No evidence of an effect of the M184I/V on the doravirine/lamivudine/tenofovir switch efficacy in people with HIV

Abstract

Objectives: The effect of the M184I/V mutation on the rate of virological failure in people with HIV (PWH) with plasma HIV RNA viral load less than 50 copies/ml switching to a triple-therapy regimen of doravirine+lamivudine+ tenofovir or abacavir has not been evaluated.

Design: A retrospective national study of antiretroviral-experienced PWH who were switched to a doravirine plus lamivudine and abacavir or tenofovir regimen in the context of maintenance (viral load <50 copies/ml) was conducted. Virological failure was characterized by either two consecutive plasma viral loads at least 50 copies/ml or a single viral load at least 200 copies/ml. Viral blip was defined as an isolated viral load 50_200 copies/ml at any time up to month 6 after switching to the doravirine-containing regimen.

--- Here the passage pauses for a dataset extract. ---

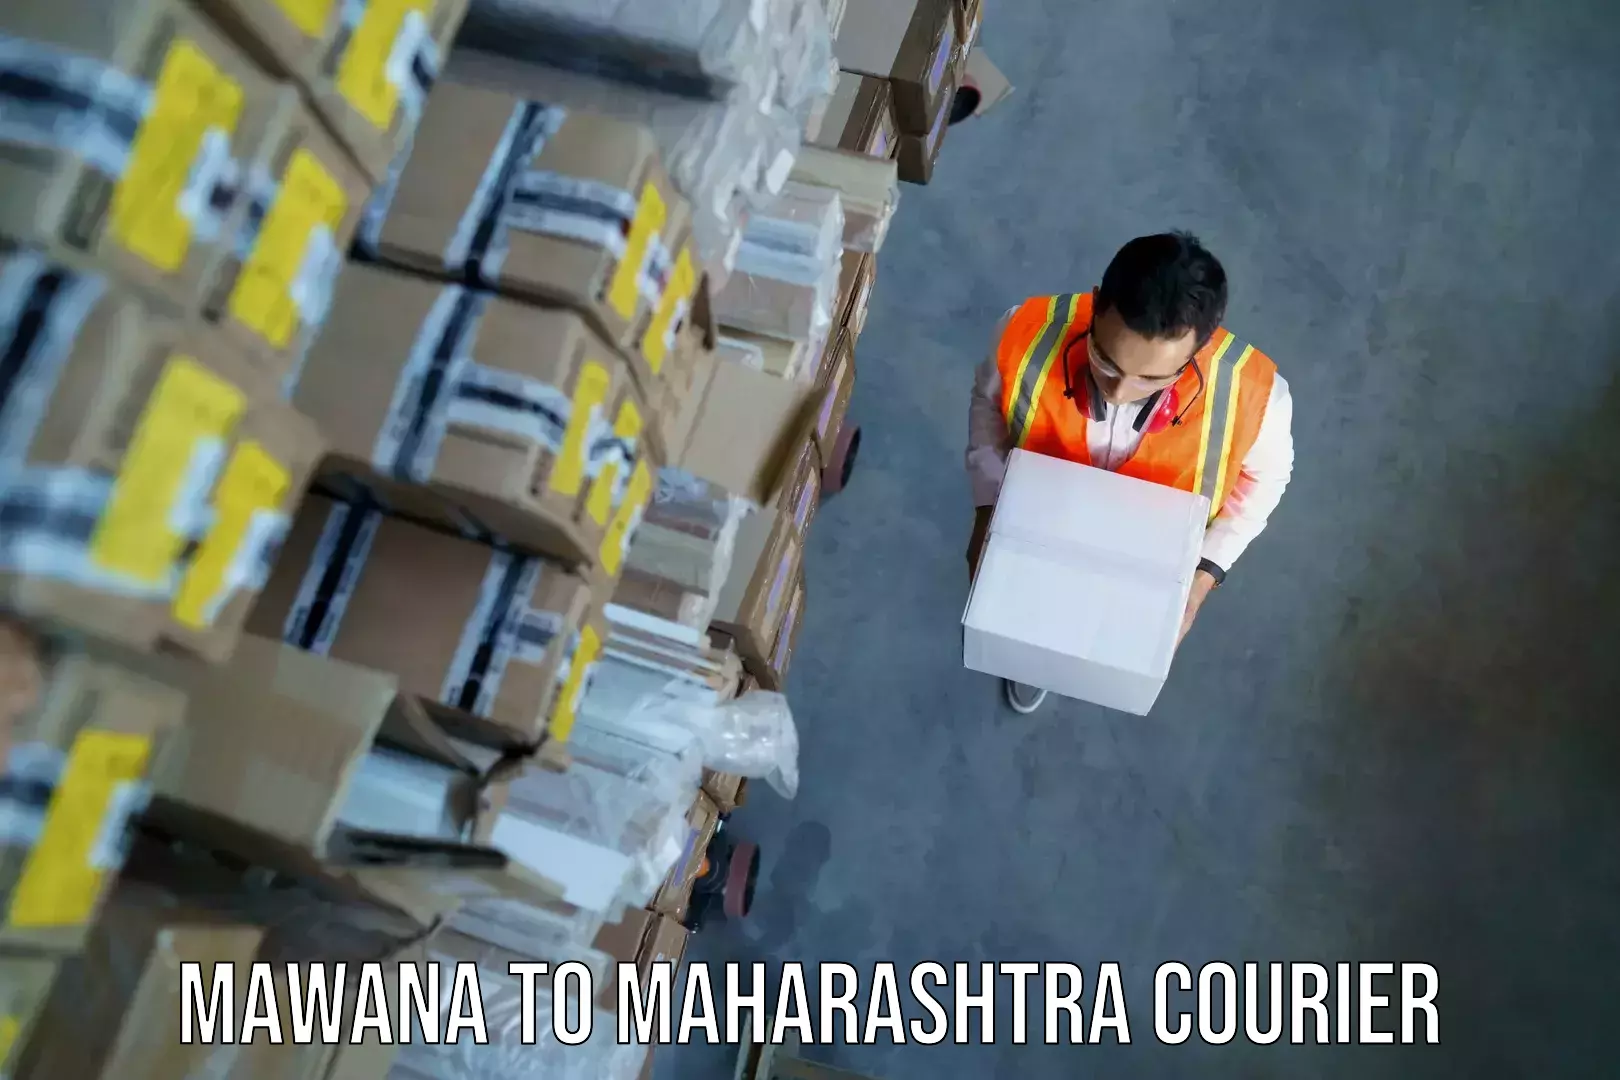 Luggage transport consultancy Mawana to Maharashtra

Results: Among the 338 PWH, doravirine was mainly associated with tenofovir+lamivudine (311/338, 92.0%). Of these, 45 had a M184I/V mutation before switching. Virological failure at M6 was 14.0 and 17.8% in the absence and presence of M184I/V, respectively, with an adjusted odds ratio (aOR) of 2.409, 95% confidence interval (95% CI) 0.574-10.113, P = 0.21. The risk of virological failure at M6 was associated with the level of zenith plasma HIV viral load, with an aOR of 1.646, 95% CI 1.163-2.328, P = 0.0049, per additional log 10 unit. The proportion of viral blip at M6 was 2.4 and 6.7% in PWH in the absence and presence of M184I/V, respectively, with an aOR of 0.818, 95% CI 0.187-3.587, P = 0.7897.

Conclusion: Among PWH with antiretroviral experience, there was no evidence that switching to doravirine + lamivudine plus tenofovir affected short-term treatment response in individuals harboring HIV M184I/V mutations.

Keywords: HIV; doravirine; nonnucleoside reverse transcriptase inhibitors; resistance; switch.